Only in a very small area. Outside of that, they all "discard" information.
I've got nothing against first order. I am simply pointing out that claims that they are superior due to their minimum-phase nature has no support in literature of any kind as far as I'm aware, despite efforts to determine such audibility.
Dave
My comments were not directed to preferences at all nor to whether a design measures well or not. I have preferred second order over time in passive systems, though I know that first order "measures better" in certain aspects though in a limited window. In the end I'm no different, I listen to what I prefer as well.
I would also say that logic may dictate only likelihood that I am correct, because someone may one day prove some level of audibility of phase above the bass region. DSP systems allow for reduction of variables in testing.

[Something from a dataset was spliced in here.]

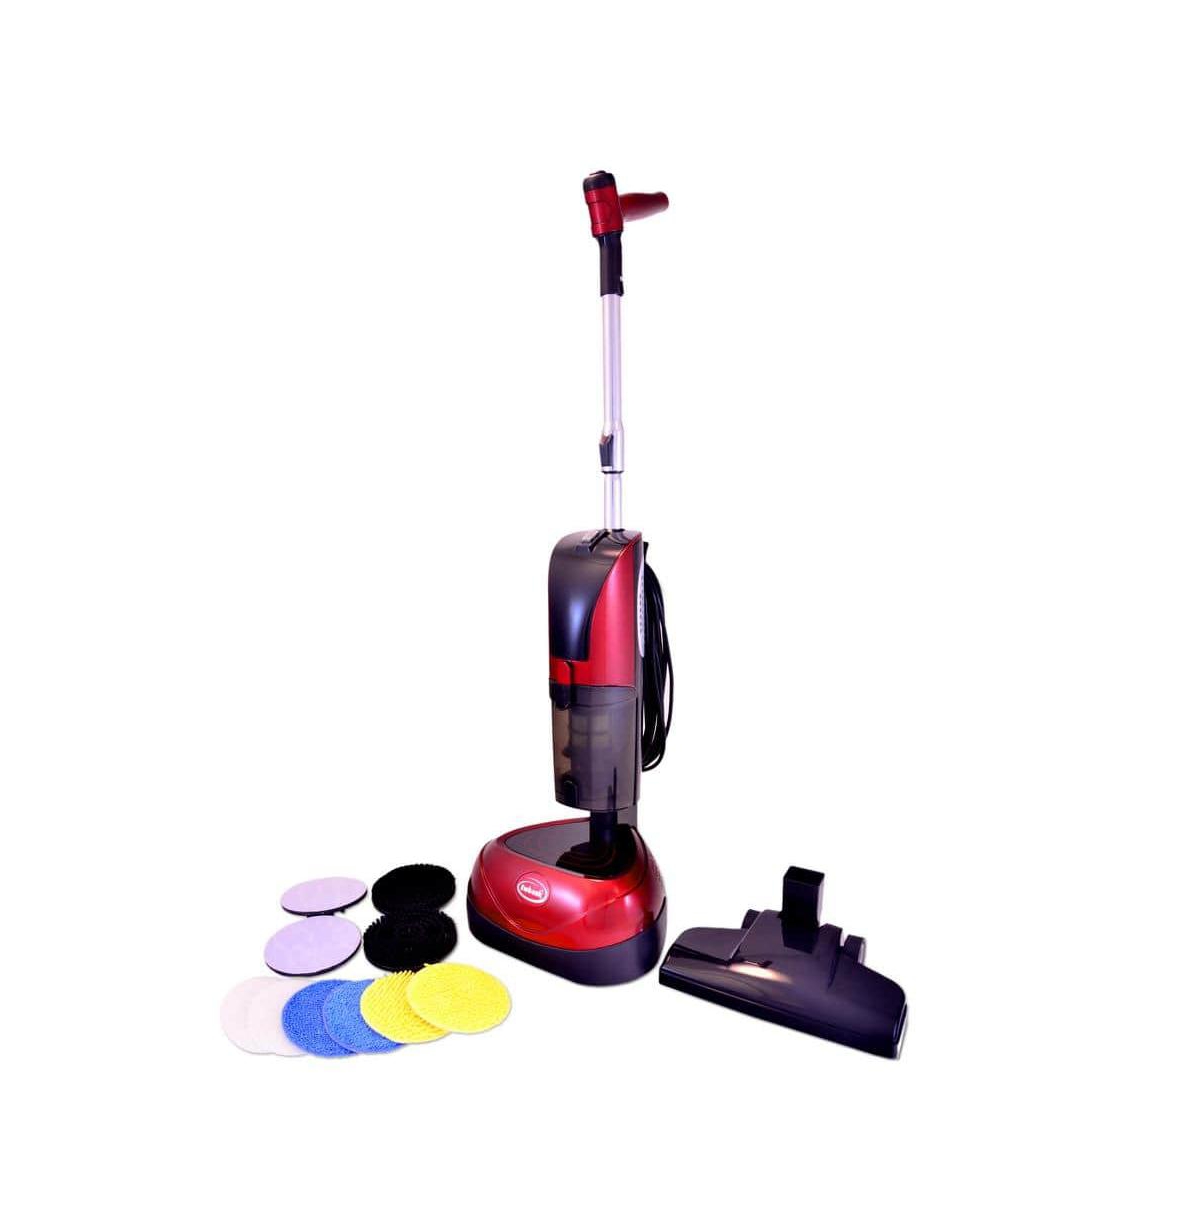 EPV1100 Floor Polisher & Vacuums - Red

The thing is, I can listen to an LR4 system with its group delay and then listen to the same one with linear phase. All else is essentially equal. If minimum-phase or even linear phase made a large difference, I would expect it to be easily discerned. It should be obvious, but evidence suggests it is not. So far it is not to me, but as I said, I'm going to experiment more.
Dave
But thats like saying 'my mother, who isnt an audiophile cant hear the difference between one speaker and another so there isnt any difference'.
AES E-Library: On the Perception of Phase Distortion
There is literature and reserach available if you look for it. That paper above would also explain why you cant hear it.
That's not accurate at all and certainly not what I said. I know without question that there is a measurable difference. I also know that different types of crossovers can have quite audible differences. What is not addressed in most anecdotal claims is the fact that there are more variables at play than phase alone. There are reasons other than phase that are more influential. That it may take headphones and carefully contrived tests is simply more evidence that with most music signals it is not audible.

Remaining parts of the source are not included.